Thanks for the chuckle.

Anonymous said...

The Govoha tribe is now extinct.

Just the oppisite.people were predicting it's extintion from the day of it's founding but yet it only grew and grew...

Yudel Shain said...

I was wondering what some "baalei-kishron" do during mussar seder?

LkwdGuy said...

Brilliant piece!

I agree with the earlier commenter that the Chief Milky Eel line was a bit over the line. (That line actually prevented me from printing this post and showing it to some people who would truly appreciate it.)

Anonymous said...

I hate to be a nit-picker, but Squankum DOES NOT meet Route 9!

Also, are you saying they wear shtreimels in Lakewood?

Anonymous said...

I hate to be a nit-picker, but Squankum DOES NOT meet Route 9!


the fact is you are wrong!!!

Squankum officially continues up 8th street untill it reaches Junction 9 (look at sign at eighth corner madison!)

Yechezkel said...

>>Squankum officially continues up 8th street untill it reaches Junction 9 (look at sign at eighth corner madison!)

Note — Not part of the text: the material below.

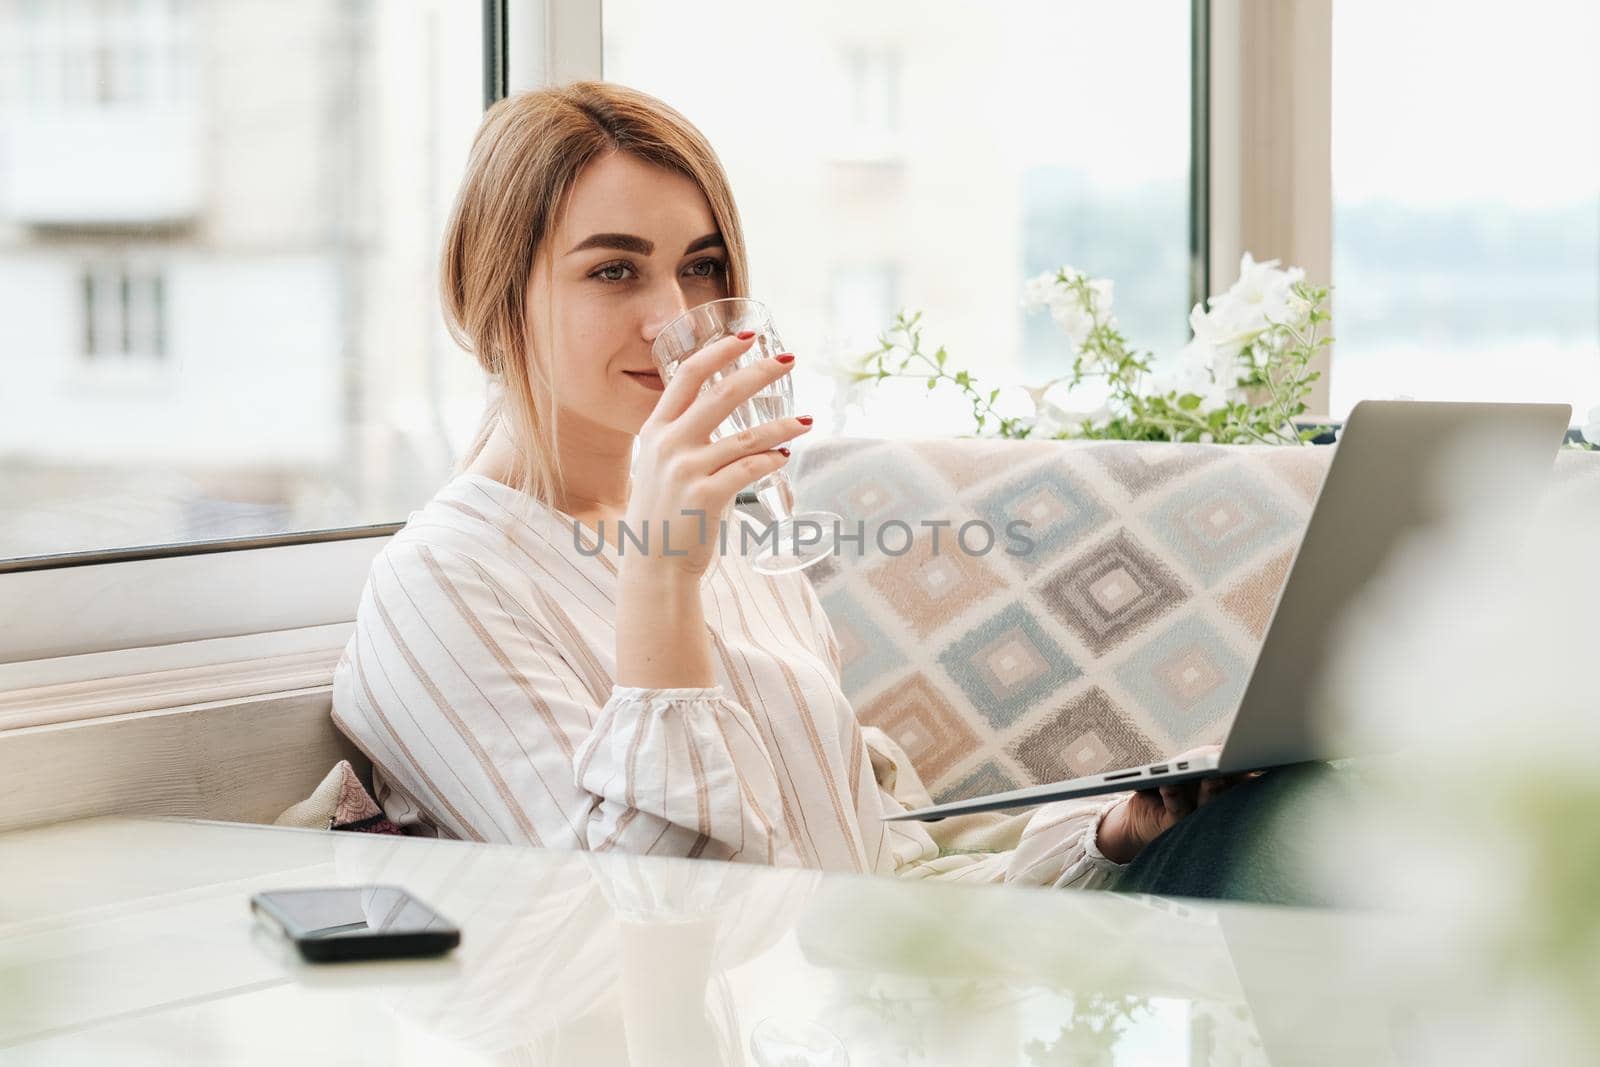 Young Woman Holding Laptop and Drinking Water While Sitting in the Restaurant,Female Freelancer at Work by Romvy

Well, how do you like that? I lived in the Irvington for 5 years (Room 206)and I never knew that. There was no such sign in my days.

Actually, I was unsure if and where Squankum meets Route 9 (I have only been to Lakewood on about 5 occasions over the past 22 years) so I assumed that the first anonymous was right. Turns out, it's a lot closer than I thought!

Thanks for bailing me out.

Best,

Chezkel

Anonymous said...

I'm surprised you didn't call the Solapachik tribe the Nightingale tribe. Although perhaps not everyone would catch the reference....

Anonymous said...

this is great stuff!! keep it coming!